I notice that nobody has bothered to define “forgiveness.”
Some years ago, someone advised me that I had a problem with forgiveness that I ought to take a look at. I realized, when I really looked at it, that I really didn’t know exactly what the word meant. I started reading books, essays—everyone seemed to have a different understanding of what it meant...
In the NT, the Greek word most often translated as forgiveness is aphiemi, which means to let go, to release, to set free—in other Greek writings, it can even mean divorce. apoluo is the word next most often rendered as forgiveness, and has similar meanings, with the added connotation of “throwing forth” (and is, in context, also translated as “divorce” ).
So, to pick one word, forgiveness means to release. Release of enmity, say. Letting go of anger, or a grudge, or your right to “get even.” Reconciliation is a whole other matter, and may or may not be desirable or possible. Whether or not the forgiveness is communicated, and whether it is wise to do so, is also another question.
Forgiveness may really have little to do with the other person at all. Suppose, for example, that someone says they forgive you for something about which, upon honest examination, you do not judge yourself guilty, or in need of forgiveness, at all. It still may be a “releasing” that is necessary for that person’s well-being. So, perhaps you just let it be.
But if forgiveness is release of attitudes that cause destructive inner turmoil, it is certainly rational to “let it go.” In Buddhist jargon, the “first noble truth” is that in life there is anguish (suffering). The “second noble truth” is that anguish is ultimately caused by clinging, clutching, grasping. The “third noble truth” is that there is a way to escape anguish. The “fourth noble truth” is that the way to escape anguish is following the eightfold path—which is too many “folds” for me to ever keep track of. But, if forgiveness means exactly the opposite of clinging/clutching/grasping, then the radicality of the Christian concept certainly has a kind of “Zen” ring to it.
From that perspective (which is mine), the discipline of forgiveness is the discipline of letting go of whatever it is you clutch at (or that seems to clutch at you) that causes anguish—and may lead you to think that you can escape from that anguish by imposing it on someone else. Jesus’ message (in part)—and the Buddha’s too (in part)—was that God (or the Tao or the universe, in the Buddhist view) does not cling to your errors and failures (moral or otherwise: the real, literal meaning of the word “sin” ), nor insist that you do either.

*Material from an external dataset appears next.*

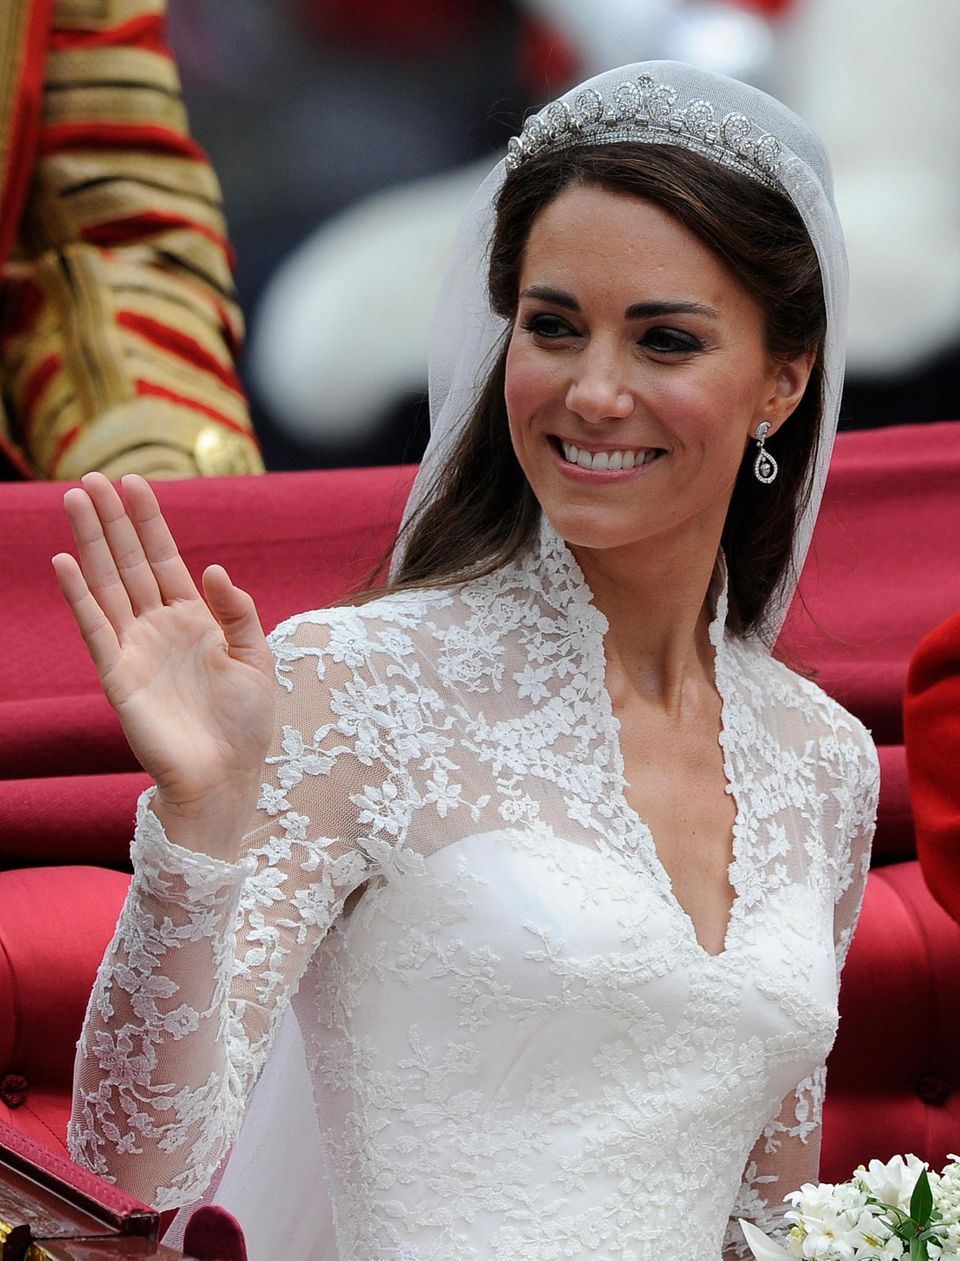 Die "Halo"-Tiara von Cartier ist an Kates Hochzeitstag etwas "Geliehenes" von Queen Elizabeth II.

The discipline of forgiveness does not mean that I will not protect myself, or those in my care, from the actions of others. It simply means that I will not participate in the cycle of anguish (which I call the “soap opera” ), my own or another’s—neither to make another’s my own, nor to lay my own on another, nor to insist to myself that I cling to my own. Ivanhoe knows as well as anyone that my discipline is not perfect. As Ivanhoe also knows, sinking into the anguish of despair at failure is, in a sense, the worse sin: because it keeps you in the cycle. Perfectionism is, in either Christian or Buddhist terms, a kind of “faithlessness.”
So, for me, based on my understanding of the term, forgiveness is eminently rational—passivity or response in the face of another’s actions, or maintaining a relationship despite another’actions, are totally different matters.